For example, if you are looking directly in front of you and a baseball comes flying at the side of your head, you will automatically duck. Your peripheral vision, which is unconscious most of the time, will sense the fast movement and trigger a sense of danger, your muscles will react by pulling your body back and down, away from danger. You don’t have a choice about these mechanisms being activated. The brain’s neuropathways get hijacked by the survival instinct.

All of these reactions impede performance. 

From science and experience, we know that anxiety, negative thinking, self-doubt, and fear of failure can interfere with one’s performance. Further, we also know even microscopic amounts of tension in the body can hinder peak performance and that we perform our best when our muscles are loose and relaxed.

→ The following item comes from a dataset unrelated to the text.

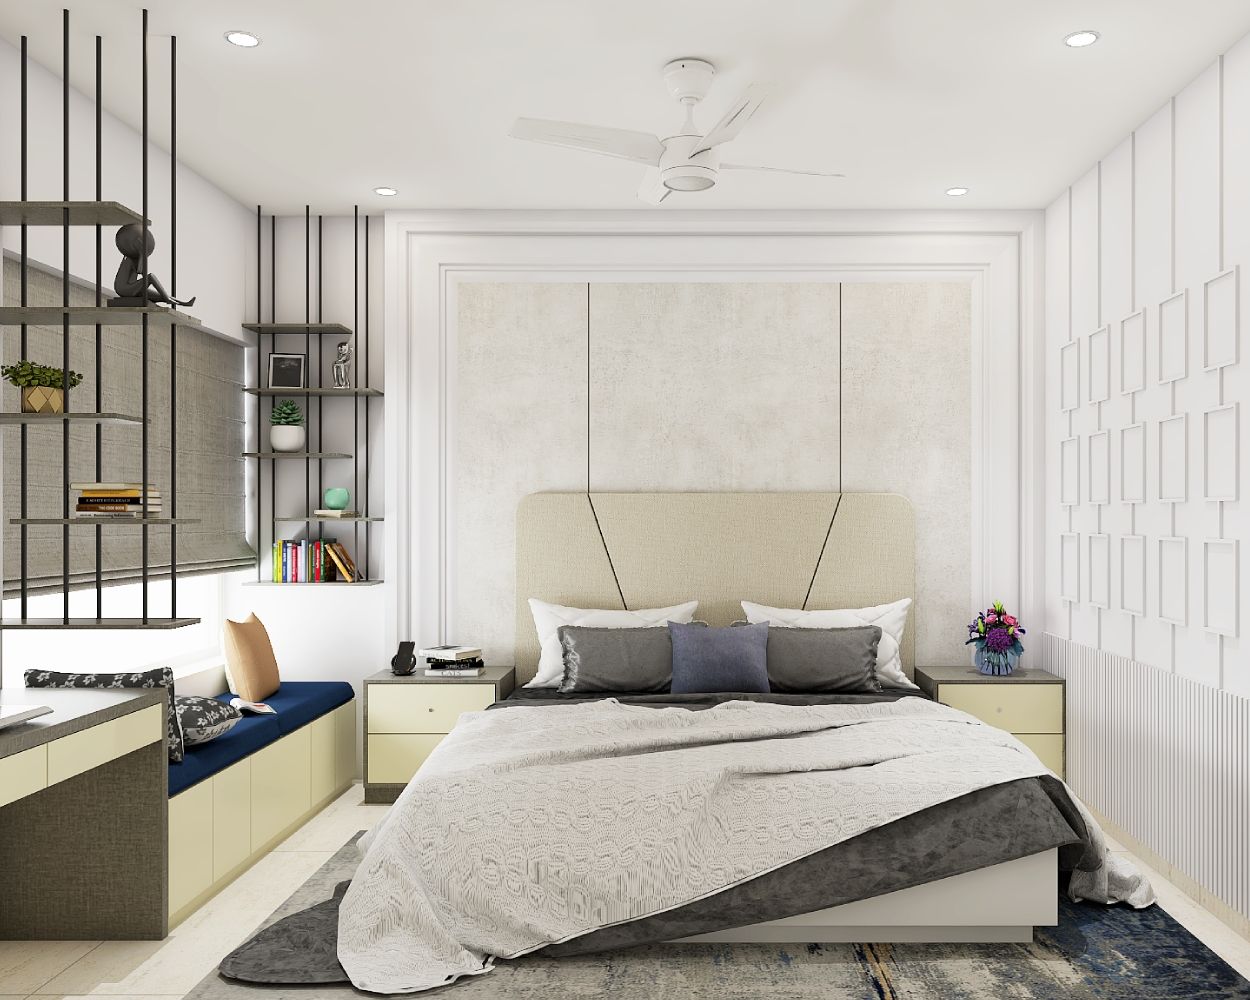 Modern Guest Room Design With Beige Queen-Size Bed And Suspended Grey Ceiling Storage Racks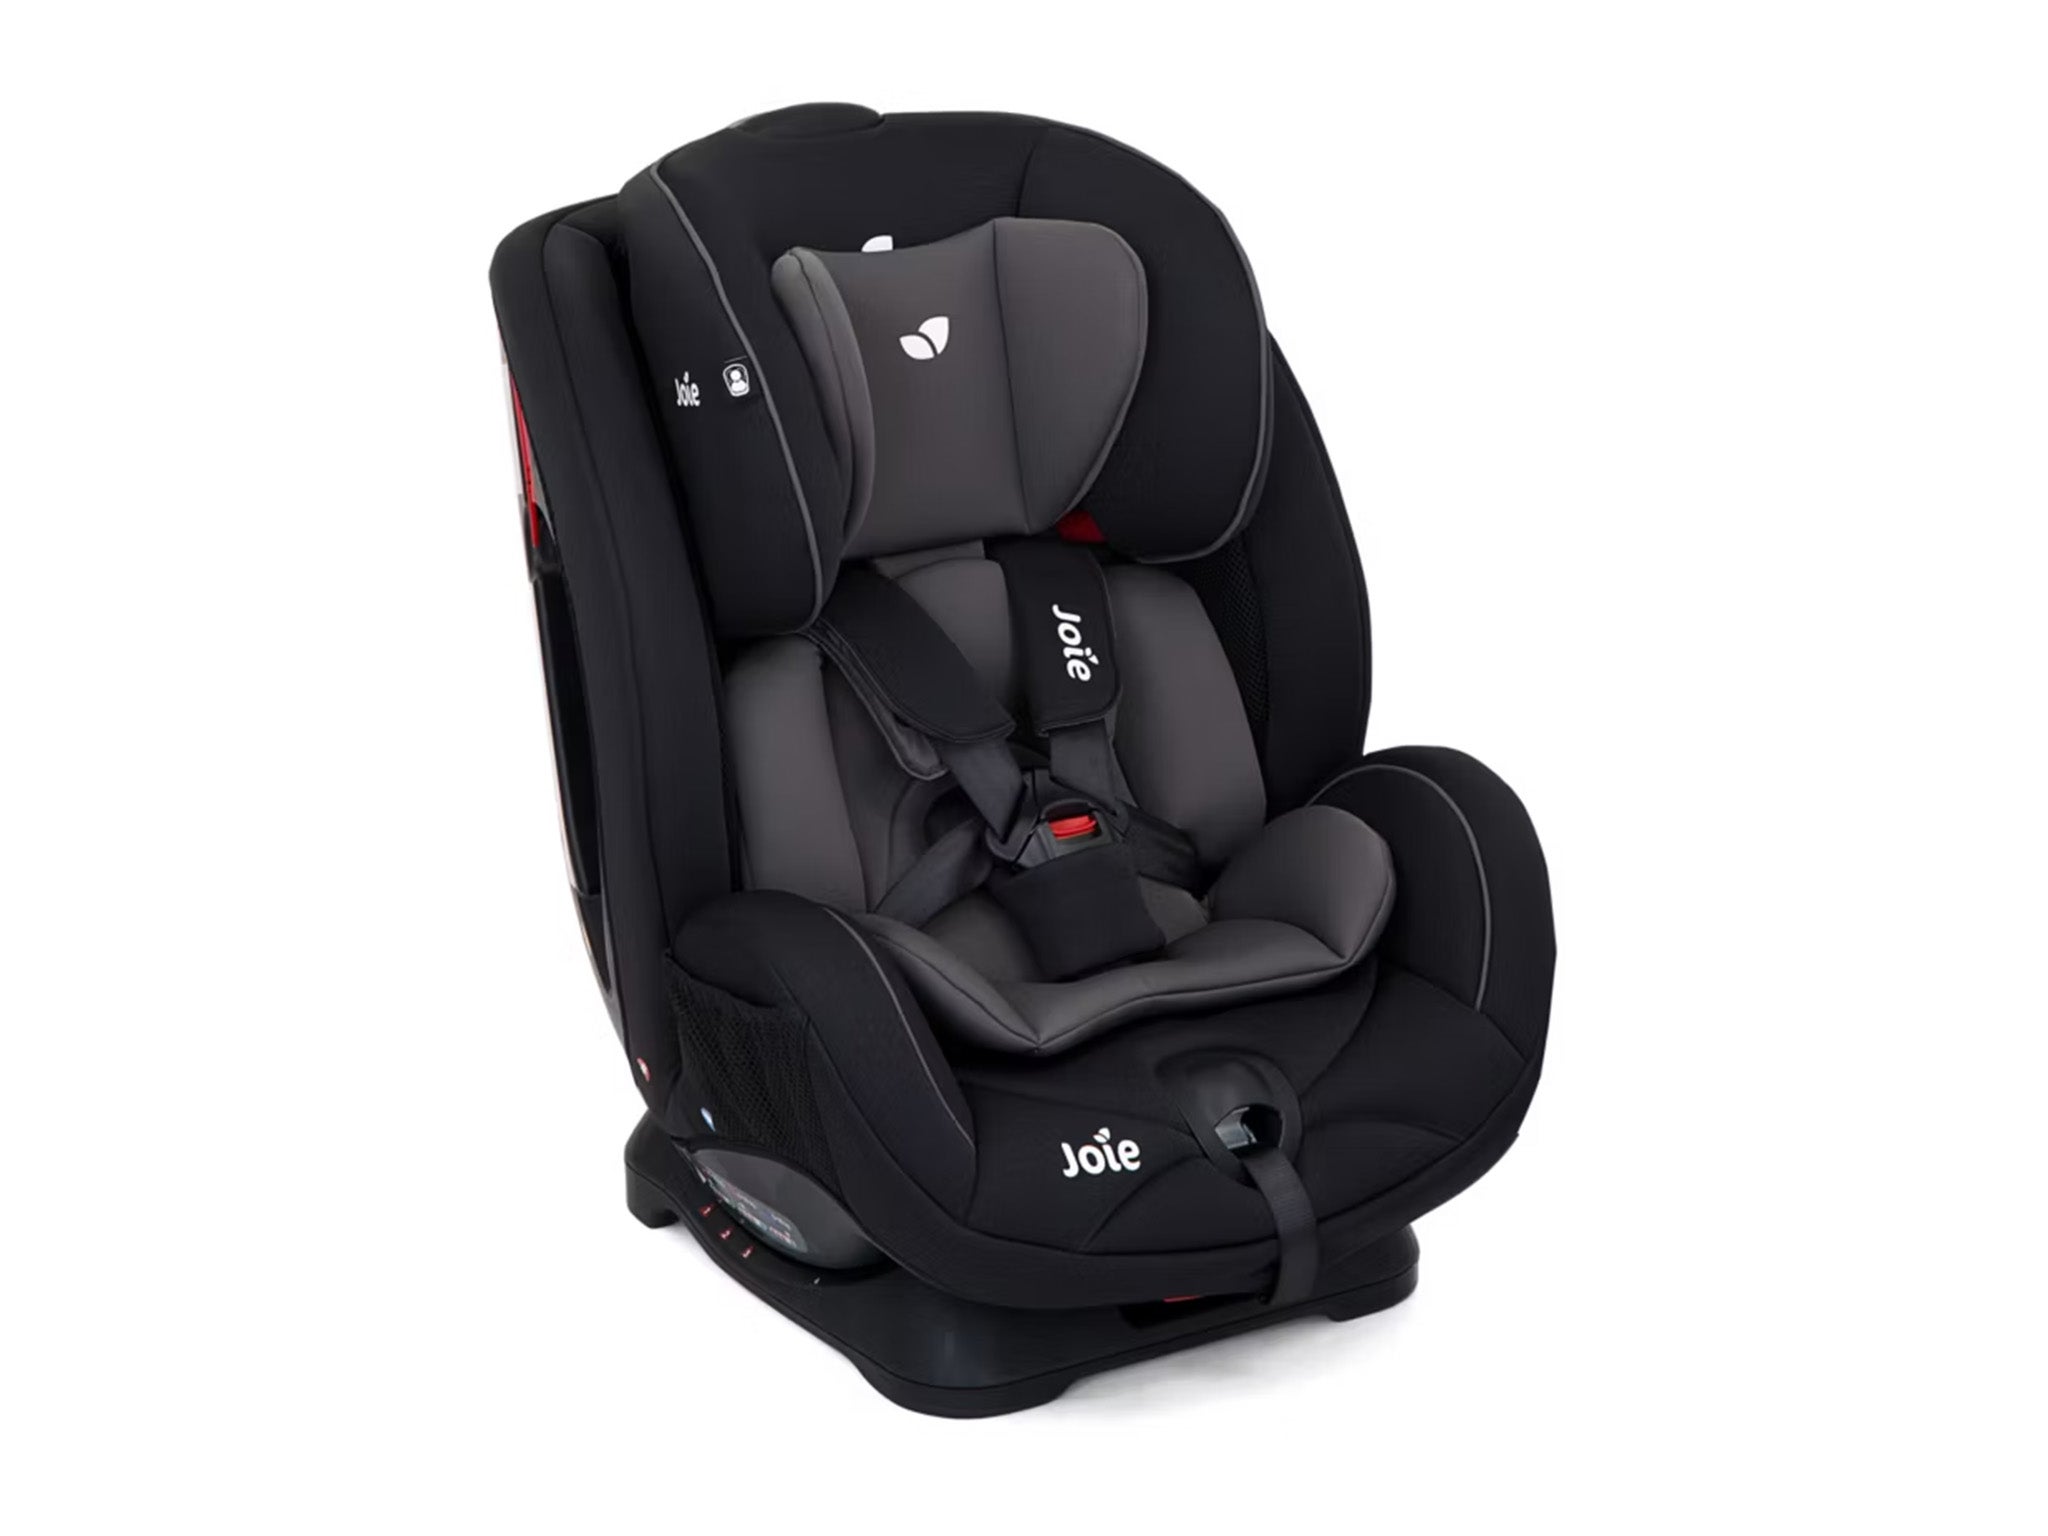 Joie Stages group 0+ car seat

The withdrawal reflex is best illustrated by when you touch a hot stove – your hand automatically pulls away without conscious thought. It’s a survival instinct to move away from pain or anticipated pain. In swimming, we are always moving forward, so the body’s instinct to pull backward slows us down.

Depending on how extensive the Brainspot is, the impact of these mechanisms may be large or small, but even subtle changes in your nervous system from these instincts can make a significant difference in performance, especially in a sport where tenths and even hundredths of a second can mean the difference between winning and being off the podium.

Now that we understand what causes these “mental blocks” it might be helpful to refer to them as “performance blocks” instead because a “mental block” implies a conscious volitional aspect, which is inaccurate.

Peak Performance Also Comes from the Subcortical Brain and Nervous System.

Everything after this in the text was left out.